In the present, as Judith becomes ill,  Hamnet succumbs as well.  Death spares his sister; it is he who dies.  While no one at the time had ever recorded the actual cause, O'Farrell fills in the blank with bubonic plague, offering an excellent few pages of describing how it made its way to Judith  via a glassmaker in Murano. Agnes is frantic, as none of her healing knowledge helps save him; she feels guilty for being away when her children needed her, for being  "an absent mother," missing "the unheard cry" of her son, something that will "lie at her very core, for the rest of her life:"

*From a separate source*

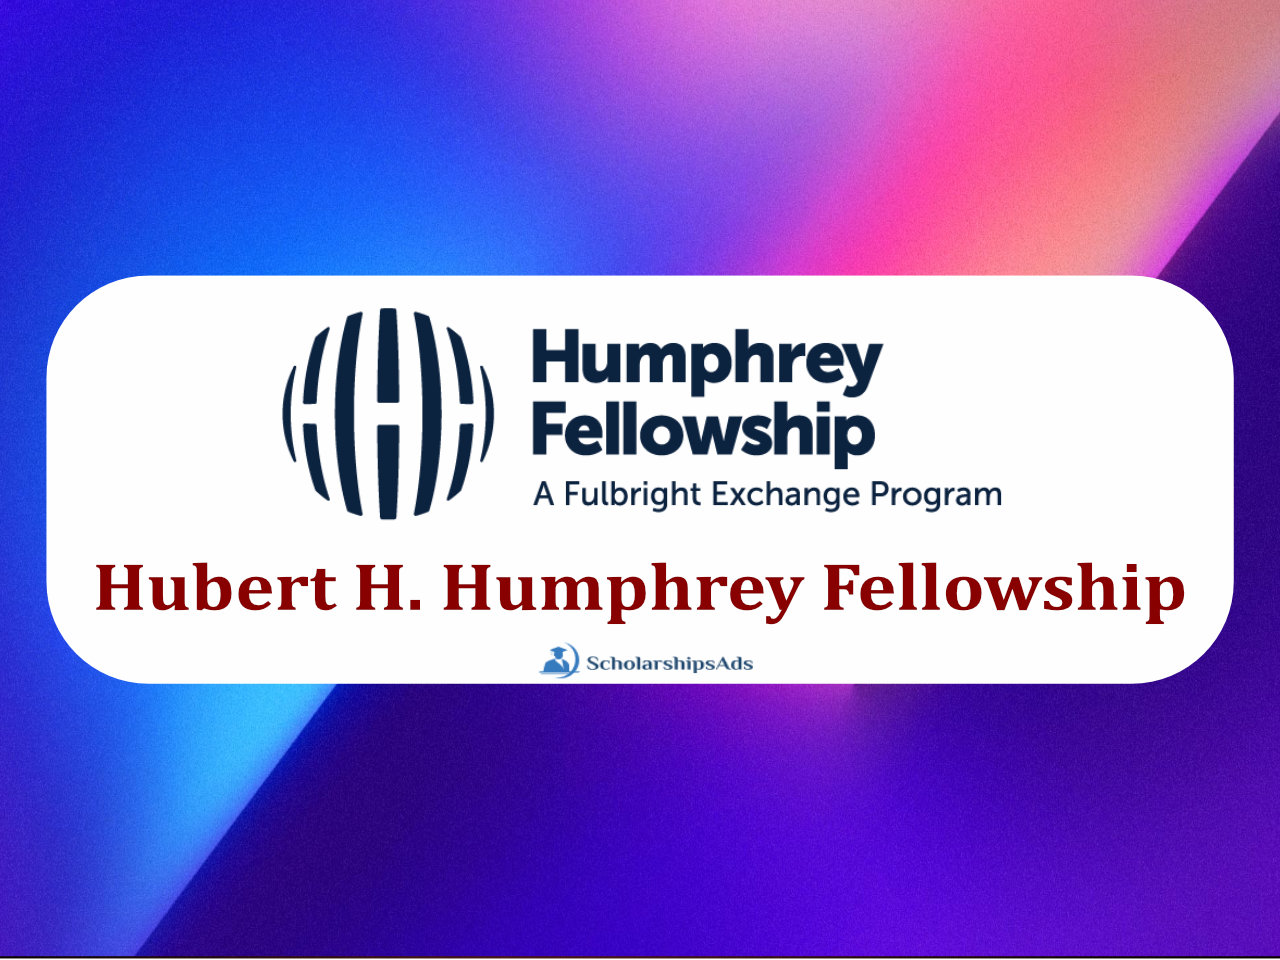 THE HUBERT H. HUMPHREY FELLOWSHIP PROGRAM, USA 2022-23

"Every life has its kernel, its hub, its epicentre, from which everything flows out, to which everything returns. This moment is the absent mother's...."
 Hamnet's death is the catalyst for Agnes' deep and painful spiral into a grief that cannot be assuaged and affects not only her but everyone around her.    As much as she would like to "unmake the skein of Hamnet's death," she also knows that for all of her pain, the world will keep spinning, indifferent to her pain,  and that 
"There will be no going back. No undoing what was laid out for them. The boy has gone and the husband will leave and she will stay and the pigs will need to be fed every day and time runs only one way."

 There is so much anger and hurt in this woman that as a mom myself,  it was often unbearable to watch her going through such a depth of anguish and pain at the loss of her child, while Hamnet's father continually looks for him "everywhere, in every street, in every crowd, in every audience" to the point where, as he says, "I may run mad with it."  

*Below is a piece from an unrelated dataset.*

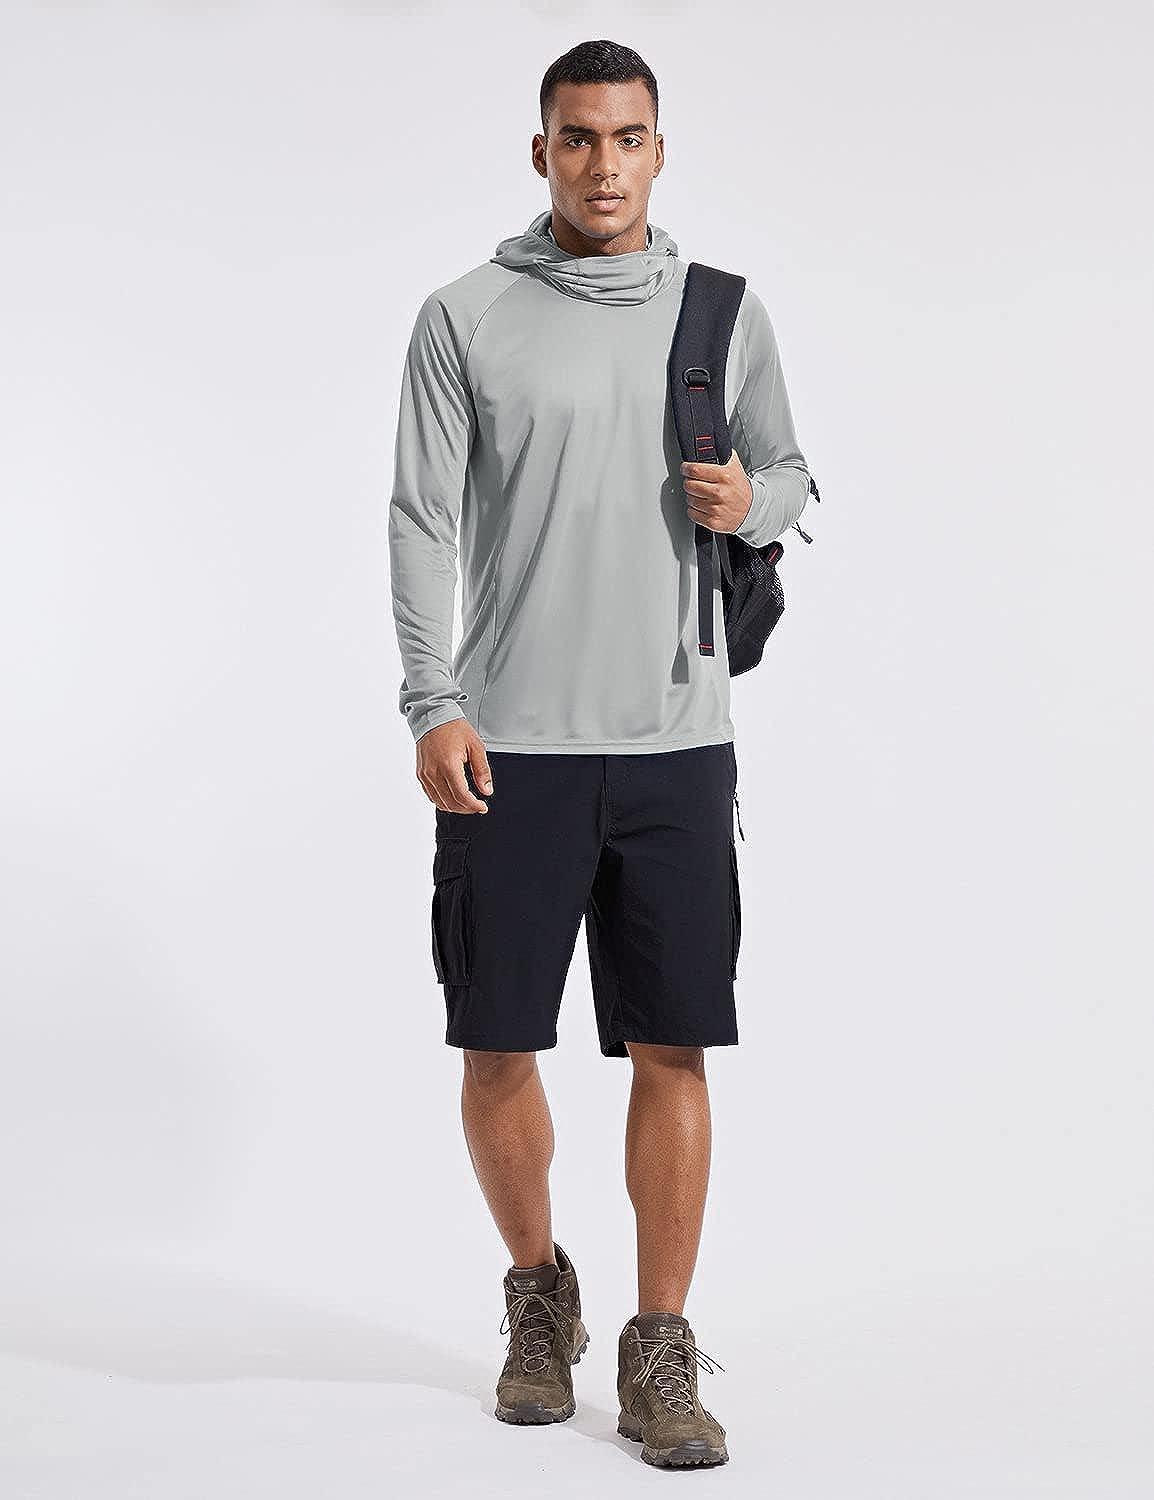 BALEAF Men's UPF 50+ Sun Protection Shirts Zip Pockets UV SPF Clothing Long  Sleeve Rash Guard Hiking Fishing Outdoor Quick Dry Lightweight Light Gray S

David Mitchell and Liza Tarbuck from Upstart Crow  -- after the death of Hamnet.  It's the one episode across the entire series that gave me lumps in the throat and a good cry.  From Luke McKernan

Hamnet is a fine example of historical fiction, a fine re-imagining of the "overlooked" Hamnet and his death, but above all, it gives Anne Hathaway whose life is also somewhat of an enigma,  an identity as a strong woman who had to endure so much on her own. I did find it to be sometimes for my taste too overly detailed, with every herb, every remedy, every this and every that of the period eventually finding its way onto the pages.   It was just too much, and I would often find myself skimming these parts because really, I just wanted to get on with the story. Unlike a lot of historical fiction fans who love this stuff, it often becomes tedious for me until it's time to just move on.     I also found the prose a bit on the overwrought and heavy-handed side at times which dropped this book from a loving it to liking it status.  However, the story itself is so good that I was utterly absorbed in it from the very start and had trouble letting it go, and it is a book I can recommend.   Warning: you may need tissues.